Going it alone means going it alone. One can die in obscurity with dignity intact much easier than flaming out for all the world to see a la (insert latest celeb flameout). No one wants obscurity but no one wants to flounder around in discouragement either.
Putting together a long range plan has been tough. I think long term but not in minute detail sometimes. I want to do everything at once because it feels like I’m doing something when in fact I’m not doing much at all. If you can get something by an agent and happen to sell it to a house, they do all of this for you and take their cut. Taking charge of your own destiny has been scary. No one to blame but myself but no time frame to live up to either. The wild horses are constrained by the need to be the business leader of the enterprise. The creative hat comes off and the planning and calculating hat comes on. I don’t know if it is easier for some to do, it has not been easy for me to do.
The process as a whole has been straightforward enough. Editor supplies final document, upload it to Create Space and KDP, walk through the menus, set the price, choose the distribution channels and behold, it’s up for sale! After that? Where to begin!
No one knows about it and will not until you figure out how to reach them. Amazon has done for self publishing what Apple has done for digital media. POD and other printers have been around for years. Self publishing has been around since the printing press. But, the power of distribution has not always been available. Now, it is making the possibility of making money without the traditional process that much more attainable.
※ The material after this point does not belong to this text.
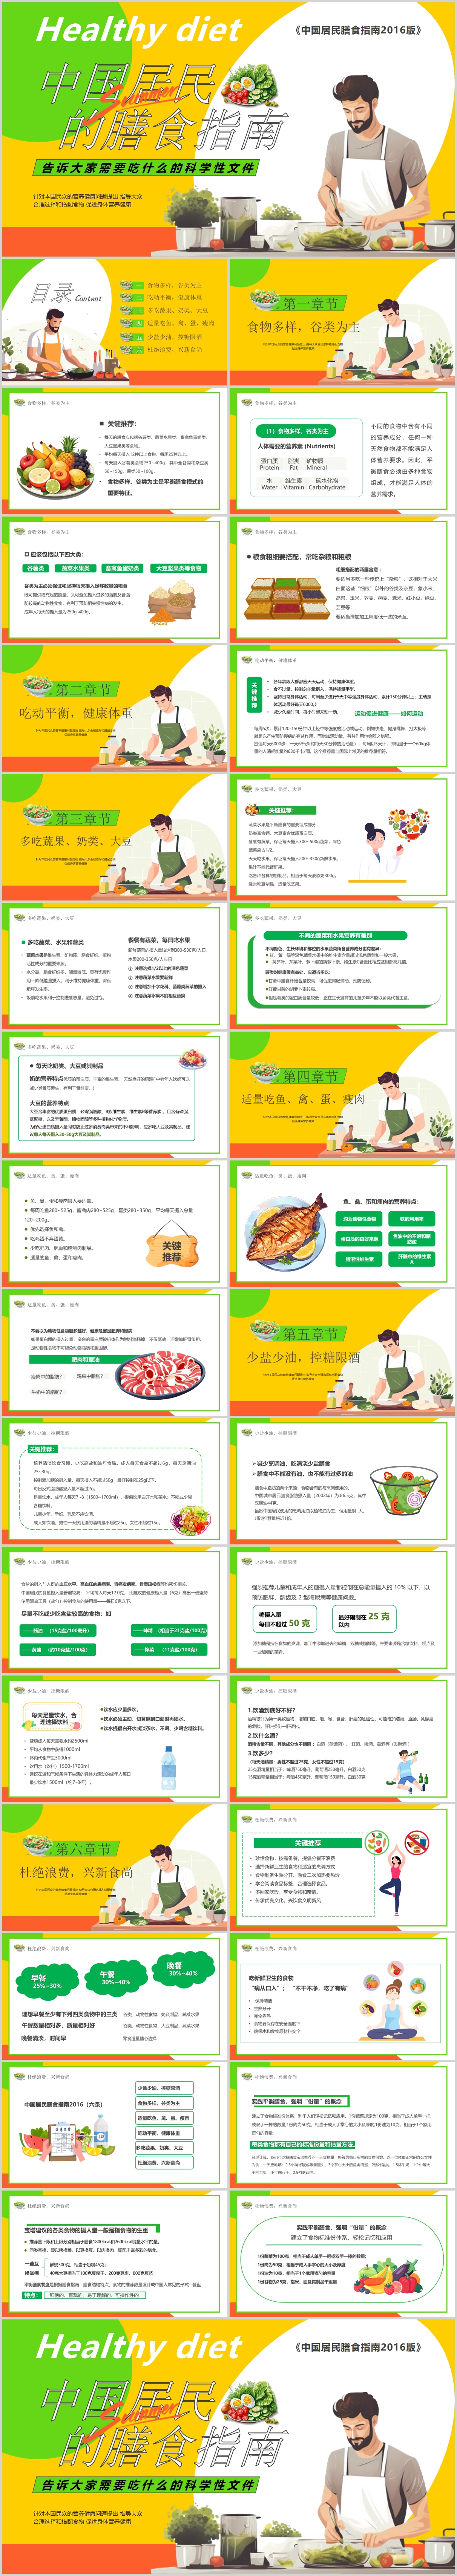 中国居民膳食指南插图
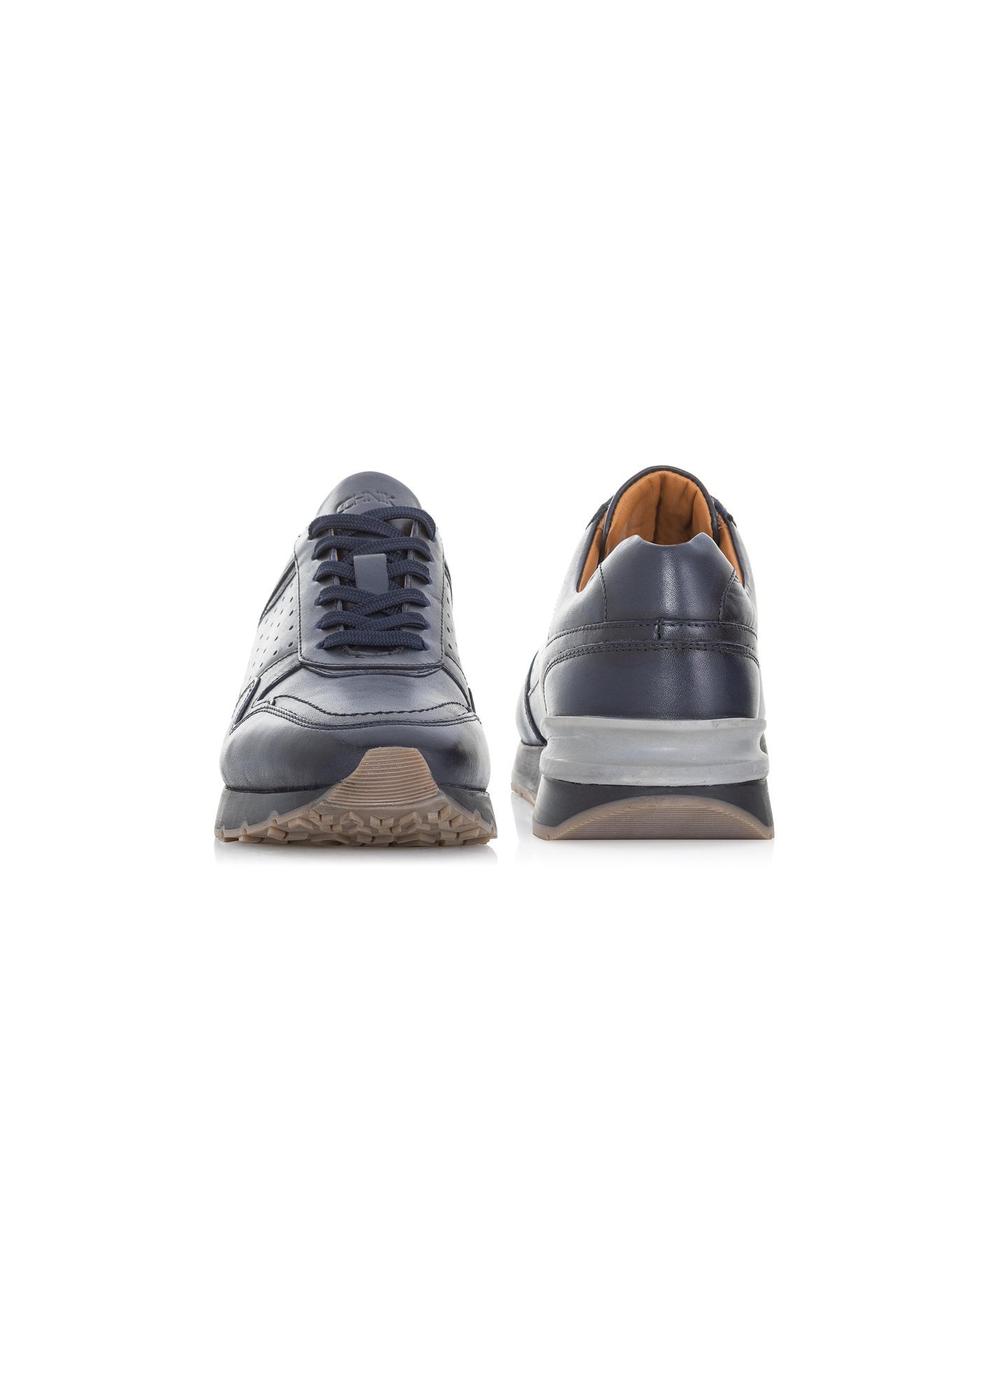 Granatowe skórzane sneakersy męskie BUTYM-0434-68(W23)

Honestly, I was on this route before Amazon and its Kindle and its ebook distribution revolution was in full swing. I am gratified that I actually have a chance at reaching more people and of actually making some money on the effort, but the choice to go self publishing was made long before.
Without the benefit of a marketing department or a publicist, you have to spend more of your time fronting your work than otherwise. You get to keep what you make in a large part, but one can only decide for themselves if the trade off is worth it or not. I cannot say either way at the moment as the process is only just beginning.
The 150th of Shiloh is in April of 2012 and I plan on attending the reenactment and looking to meet some bookstore owners and park historians in person with copies of the book and media materials. This will be the first big push at some of the trappings of the traditional market. Until I reach out I do not have any idea if the effort will pan out. There are roadblocks to this. Getting a bookstore to sell your work is almost a universal pan if it is self published, so getting into the book distribution channels is a must if you want to approach libraries and bookstores. But, I hope to capitalize on the event and some of the smaller bookstores who can make their own local choices on books they carry (each NPS bookstore can choose what it sells) and on doing educational monologues with signings. I won’t know until I try.